Re: [syzbot] [io-uring?] KCSAN: data-race in io_wq_activate_free_worker / io_wq_worker_running

On 9/14/23 14:25, Marco Elver wrote:
On Thu, 14 Sept 2023 at 15:11, Pavel Begunkov <asml.silence@xxxxxxxxx> wrote:

On 9/13/23 14:07, Marco Elver wrote:
On Wed, 13 Sept 2023 at 14:13, Pavel Begunkov <asml.silence@xxxxxxxxx> wrote:

On 9/13/23 12:29, syzbot wrote:

syzbot found the following issue on:

HEAD commit:    f97e18a3f2fb Merge tag 'gpio-updates-for-v6.6' of git://gi..
git tree:       upstream
console output:
kernel config:
dashboard link:
compiler:       Debian clang version 15.0.6, GNU ld (GNU Binutils for Debian) 2.40

Unfortunately, I don't have any reproducer for this issue yet.

Downloadable assets:
disk image:
kernel image:

IMPORTANT: if you fix the issue, please add the following tag to the commit:
Reported-by: syzbot+a36975231499dc24df44@xxxxxxxxxxxxxxxxxxxxxxxxx

BUG: KCSAN: data-race in io_wq_activate_free_worker / io_wq_worker_running

write to 0xffff888127f736c4 of 4 bytes by task 4731 on cpu 1:
    io_wq_worker_running+0x64/0xa0 io_uring/io-wq.c:668
    schedule_timeout+0xcc/0x230 kernel/time/timer.c:2167
    io_wq_worker+0x4b2/0x840 io_uring/io-wq.c:633
    ret_from_fork+0x2e/0x40 arch/x86/kernel/process.c:145
    ret_from_fork_asm+0x11/0x20 arch/x86/entry/entry_64.S:304

read to 0xffff888127f736c4 of 4 bytes by task 4719 on cpu 0:
    io_wq_get_acct io_uring/io-wq.c:168 [inline]
    io_wq_activate_free_worker+0xfa/0x280 io_uring/io-wq.c:267
    io_wq_enqueue+0x262/0x450 io_uring/io-wq.c:914

1) the worst case scenario we'll choose a wrong type of
worker, which is inconsequential.

2) we're changing the IO_WORKER_F_RUNNING bit, but checking
for IO_WORKER_F_BOUND. The latter one is set at the very
beginning, it would require compiler to be super inventive
to actually hit the problem.

I don't believe it's a problem, but it'll nice to attribute
it properly, READ_ONCE?, or split IO_WORKER_F_BOUND out into
a separate field.

It's a simple bit flag set & read, I'd go for READ_ONCE() (and
WRITE_ONCE() - but up to you, these bitflag sets & reads have been ok
with just the READ_ONCE(), and KCSAN currently doesn't care if there's
a WRITE_ONCE() or not).

value changed: 0x0000000d -> 0x0000000b

This is interesting though - it says that it observed 2 bits being
flipped. We don't see where IO_WORKER_F_FREE was unset though.

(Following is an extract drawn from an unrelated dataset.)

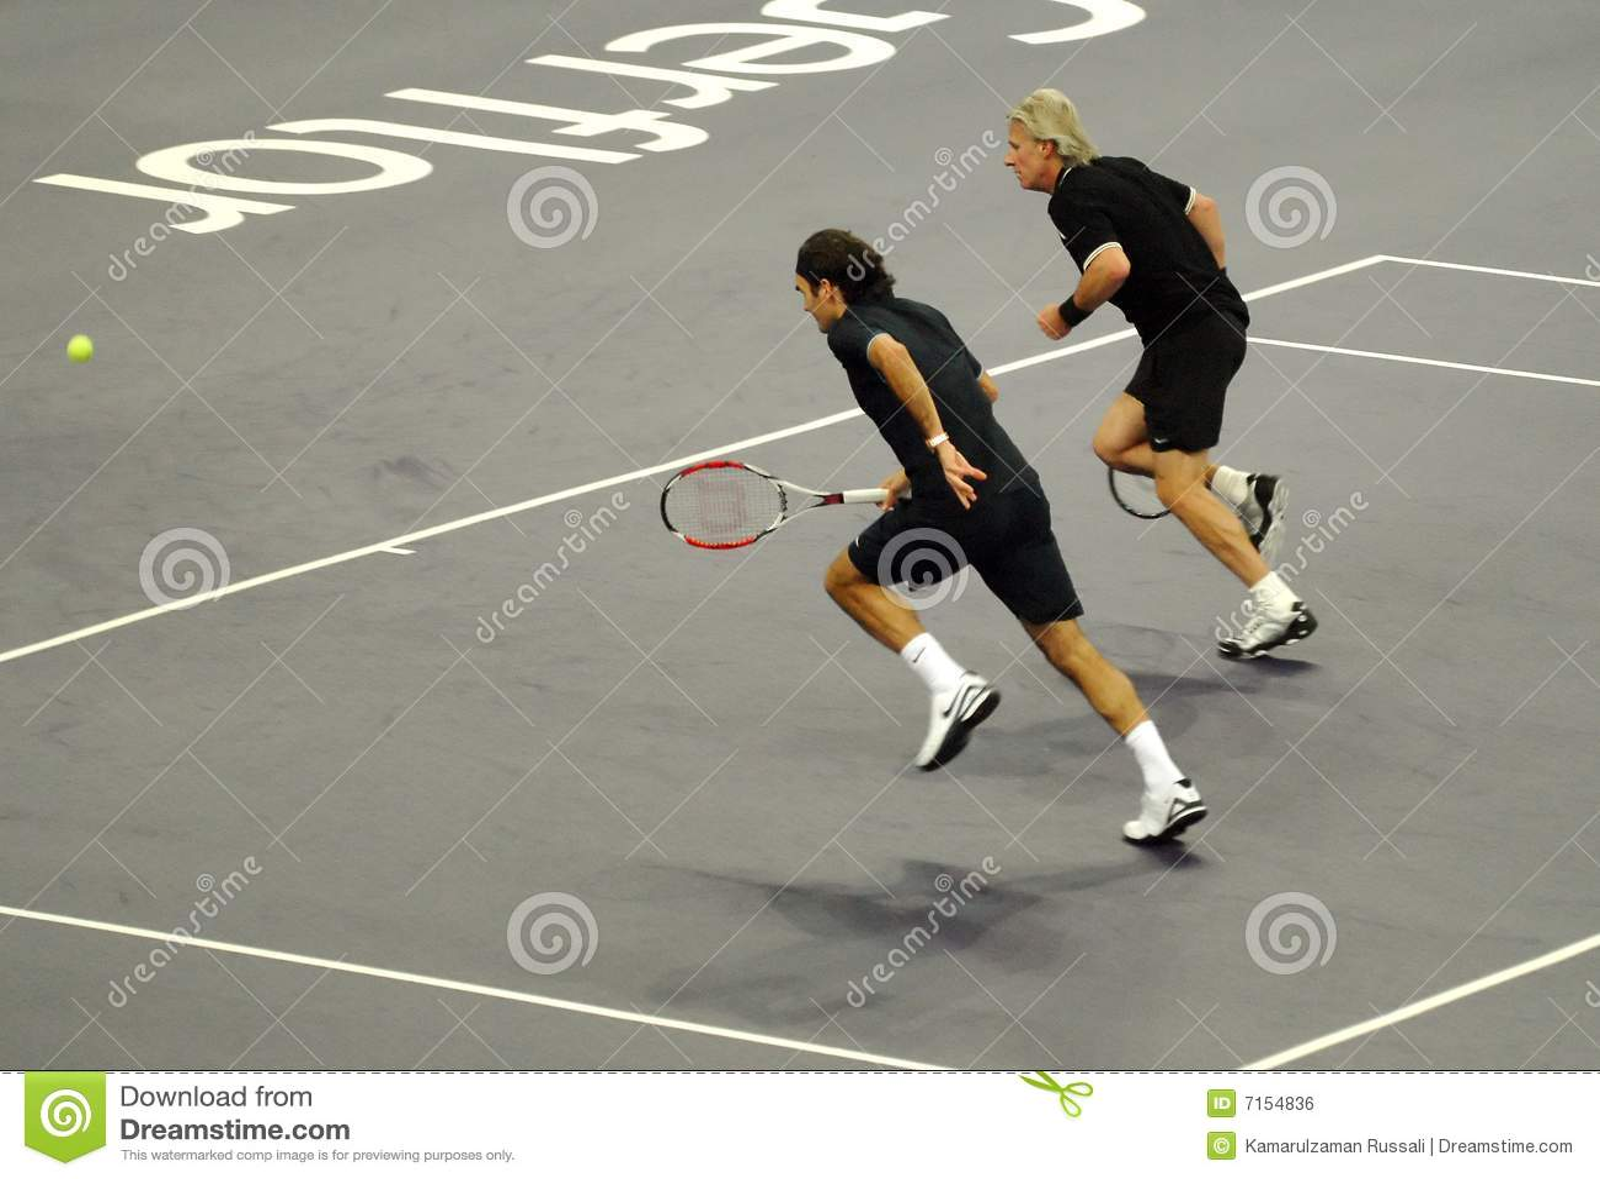 Roger Federer et Bjorn Borg dans les actions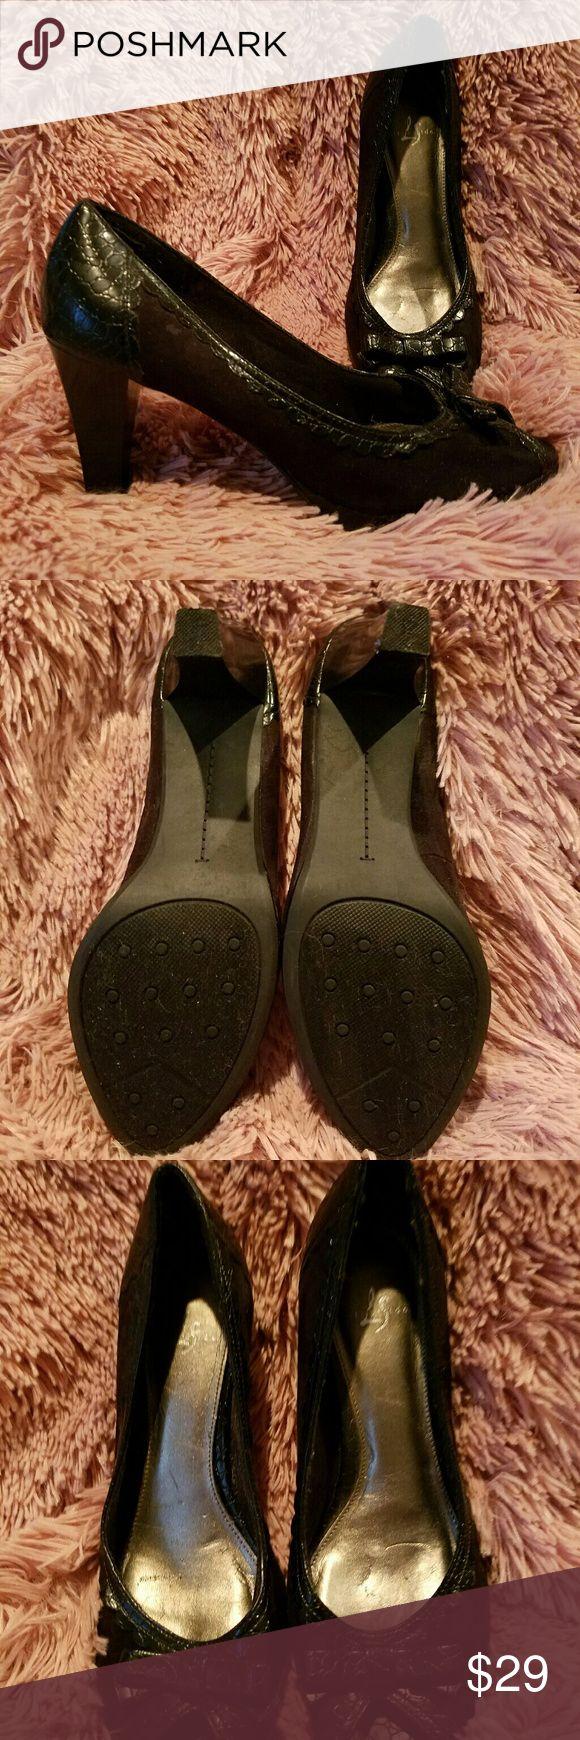 PRICE DROP!!  Peep toe pumps Black peep toe pumps.  Excellent condition. Life Stride Shoes Heels

__io_worker_busy() clears it, should be it. I assume syz just
missed another false data race with this one. After init only
the worker thread should be changing the flags AFAIR

The data races reported are very real, i.e. it only reports if it
actually observes _real_ concurrency. I guess the question is if these

That's what I'm saying, I assume that syz is not completely
analytical and triggering a race is subject to execution
randomness, and races with IO_WORKER_F_FREE are harder to hit
for syzkaller.

are benign or not. If benign, you can choose to annotate with

Yes, it is, just like the one in the report

READ/WRITE_ONCE [1], data_race, or leave as is (ignoring this report
should not make it re-report any time soon).


Pavel Begunkov